Presented by SpeakEasy Stage Co. with The Front Porch Arts Collective
By Antoinette Nwandu
Directed by Monica White Ndounou
Fight choreography by Brandon G. Green
Movement coaching by Mila Thigpen
Dramaturgy by Pascale Florestal
January 3 – Feb. 2, 2020
Calderwood Pavilion at the Boston Center for the Arts
SpeakEasy on Facebook
The Front Porch on Facebook
Critique by Kitty Drexel
Trigger warning: white guilt, language, fuck the police
(Boston, MA) The sheer volume of what one must understand as true regardless of personal belief in order to not merely understand but thoroughly digest Antoinette Nwandu’s Pass Over at SpeakEasy Stage is overwhelming. The role that white people play in perpetuating racism’s systemic horrorshow machinations against Black people (and all people of color) is astounding.
Here is a list of links containing basic concepts that could be helpful.

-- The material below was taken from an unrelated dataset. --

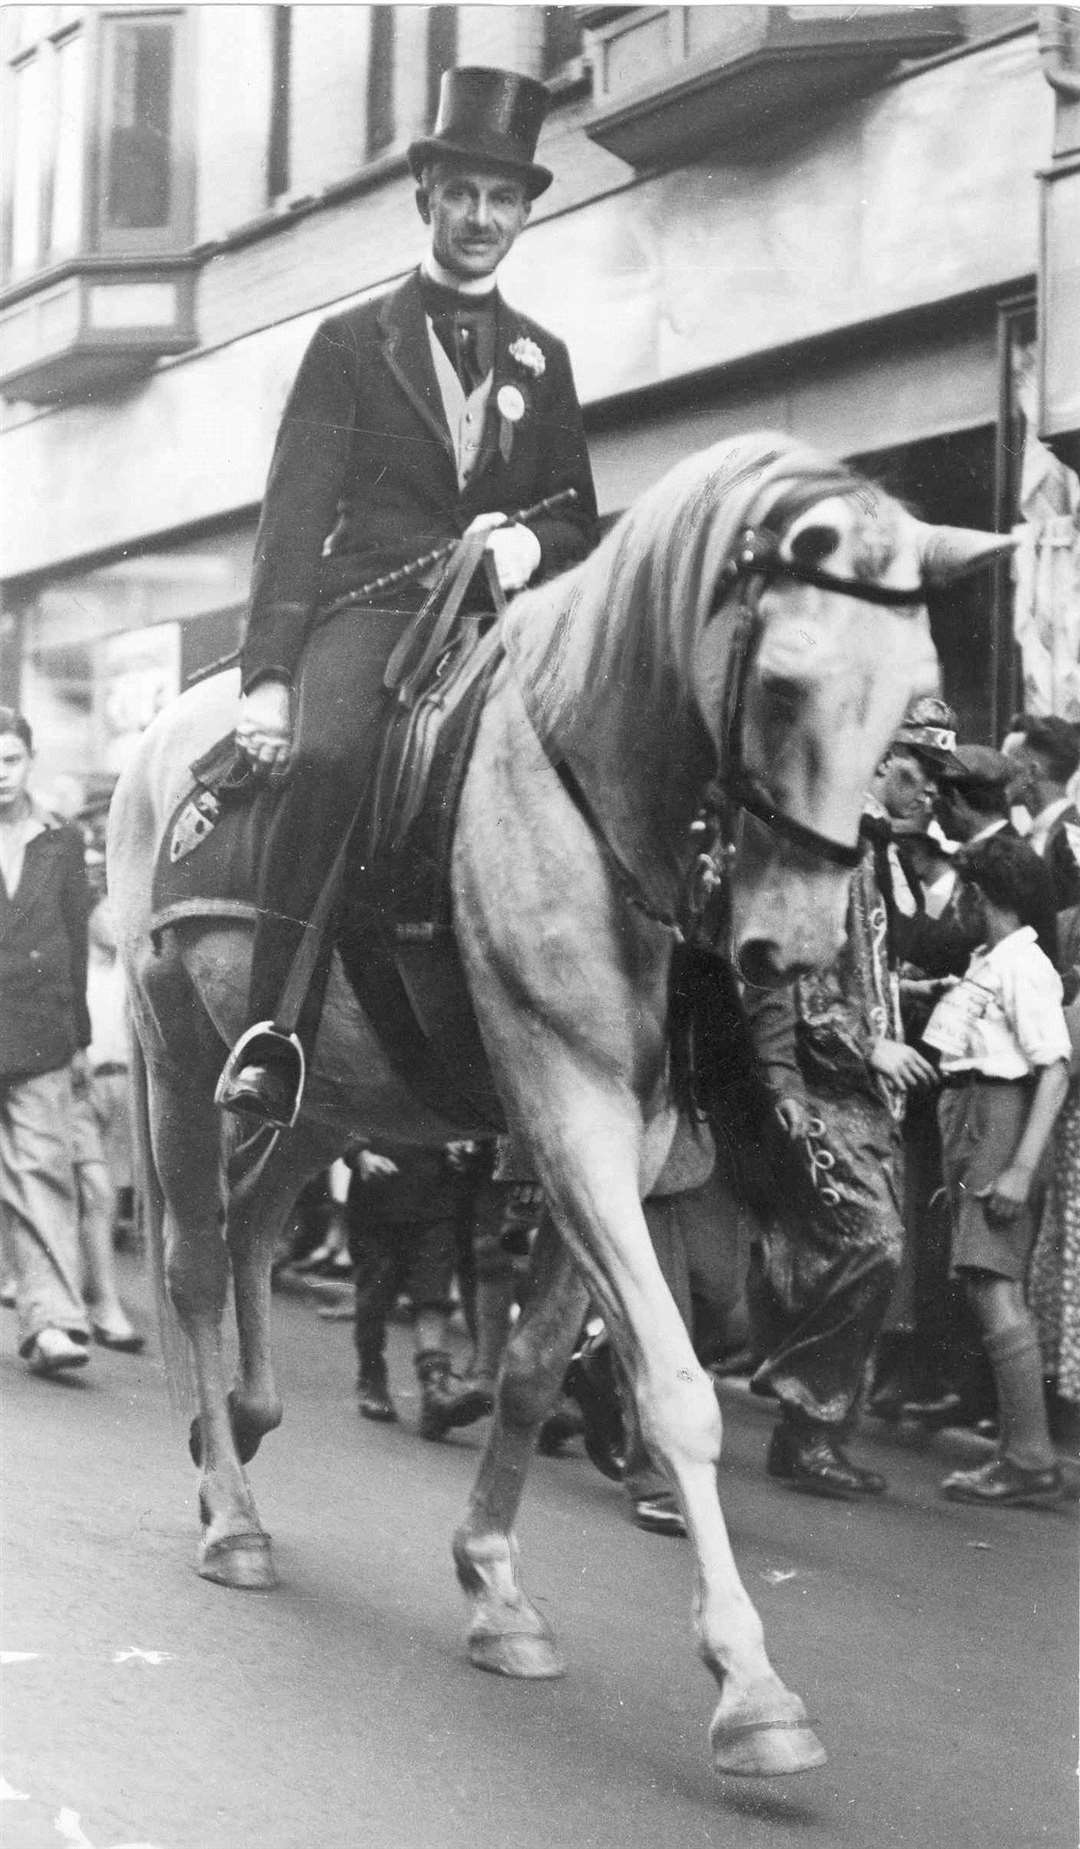 Sir Garrard Tyrwhitt-Drake loved carriages but didn't ride in them very often
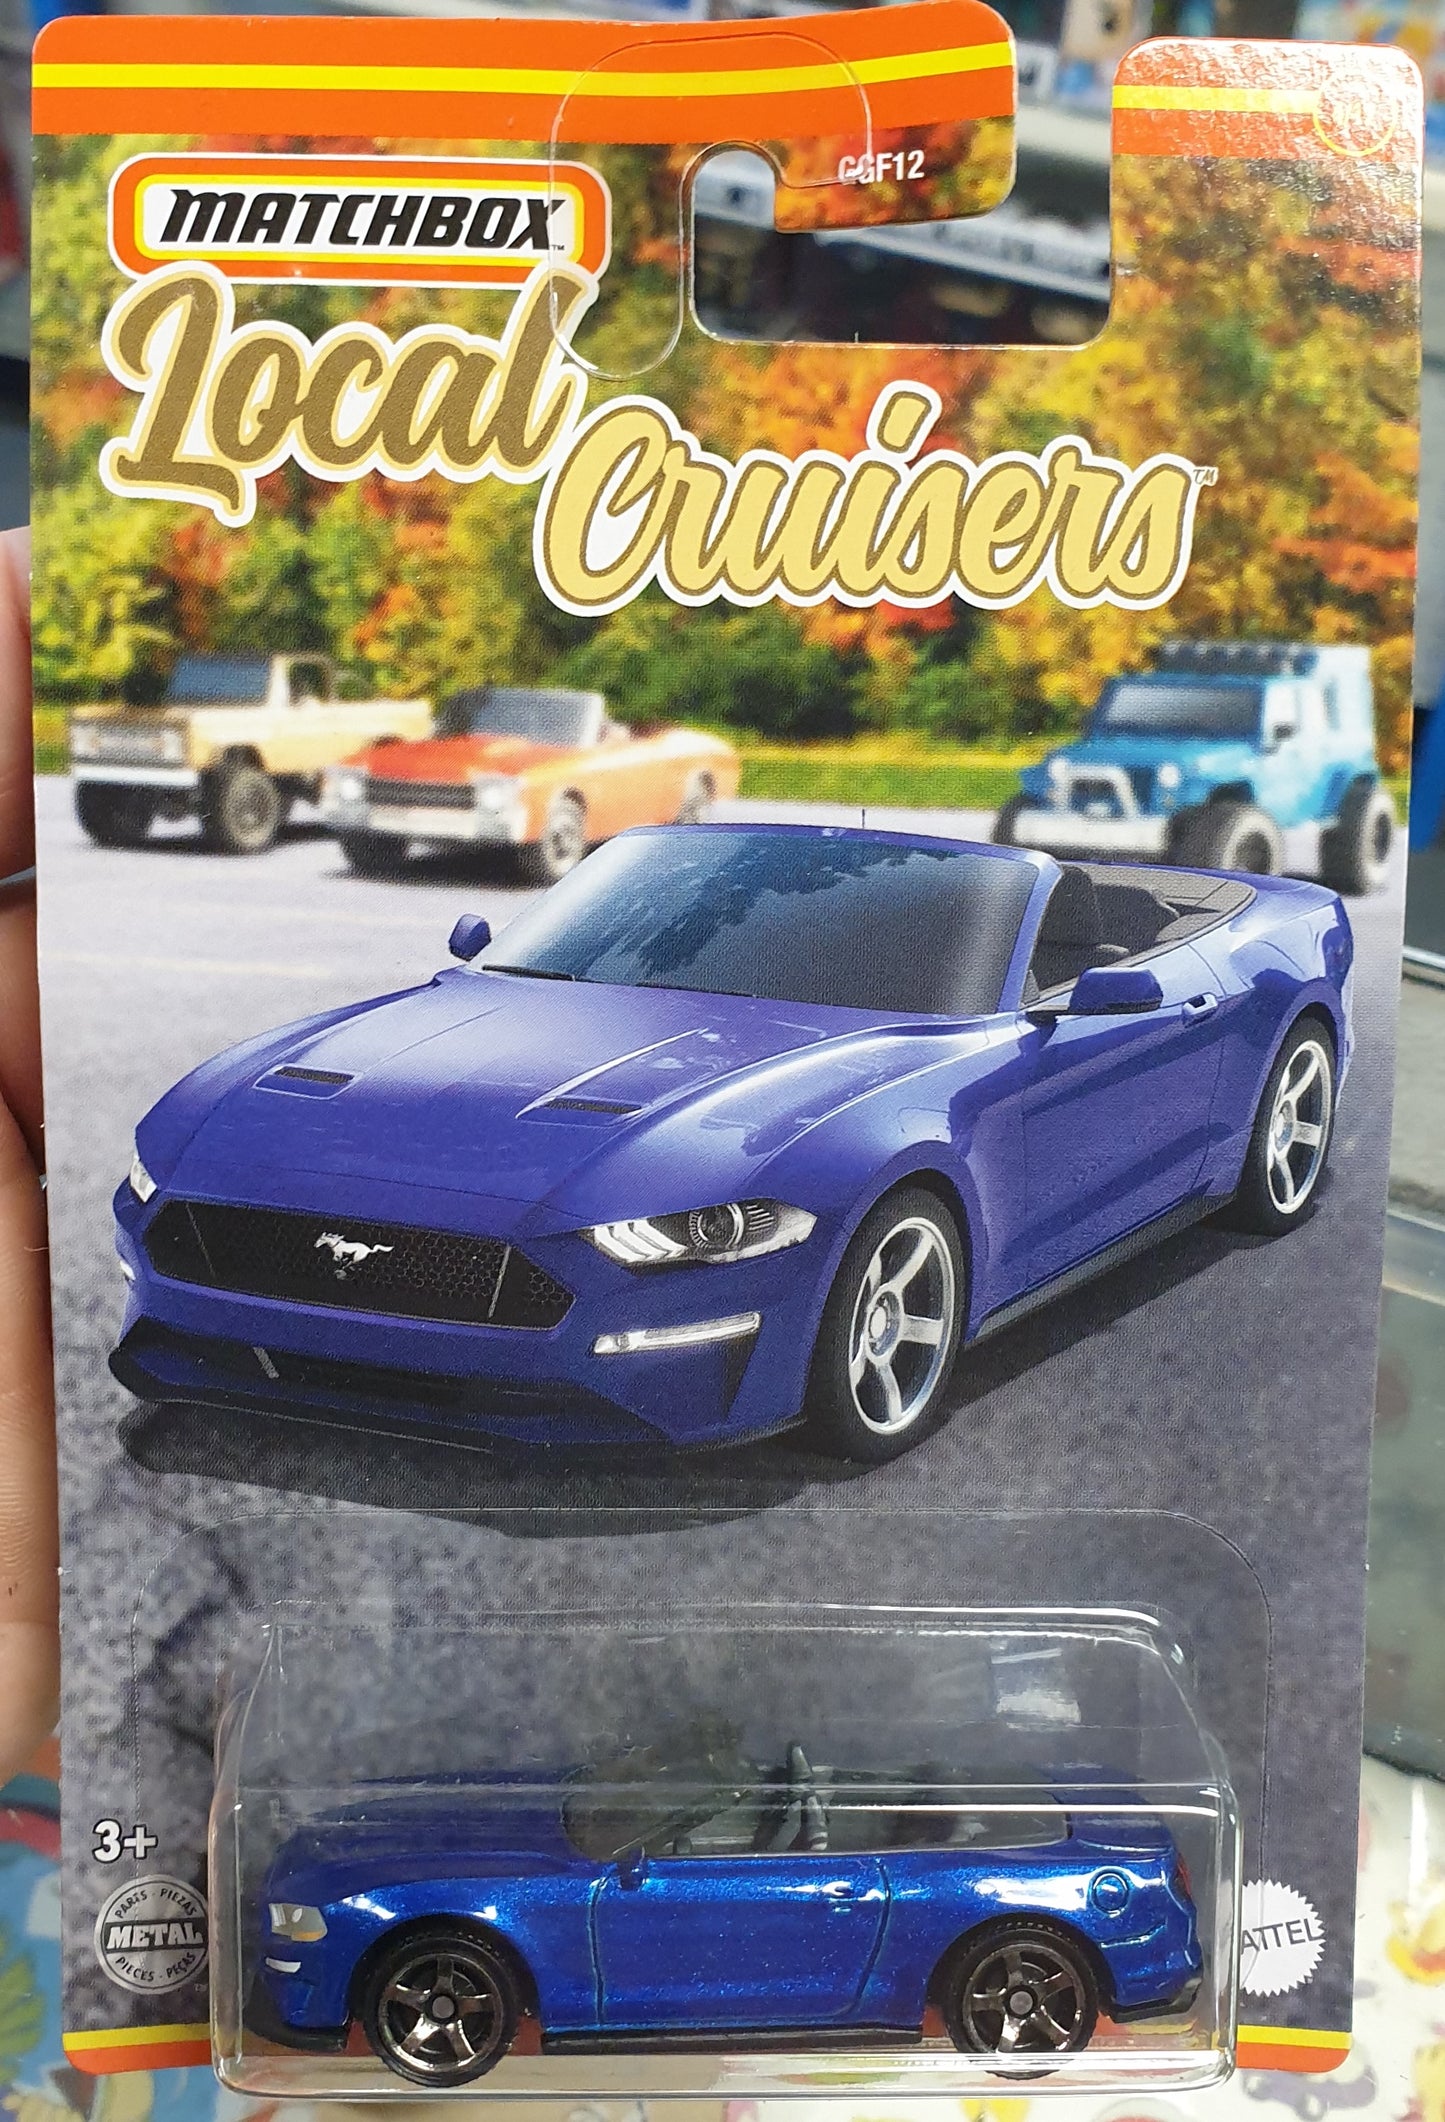 Matchbox - Local Cruisers - 2018 Ford Mustang - Dark Blue

- It is not the responsibility of Black people to explain racism or to convince white people that it exists.
- Being nice isn’t the same as not being racist. Racist people are nice all of the time. Nice people are racist all the time.
- Black friends won’t make a white person less racist. Dismantling internalized racism requires a lifetime of work.
- It should go without saying that Black people want equality. They don’t want to reverse their treatment at the hands of white people back onto white people.
- Racism is about power. Reverse racism doesn’t exist.
- White people have to stop taking personally Black resistance to oppression.
- All of this information is a Google search away.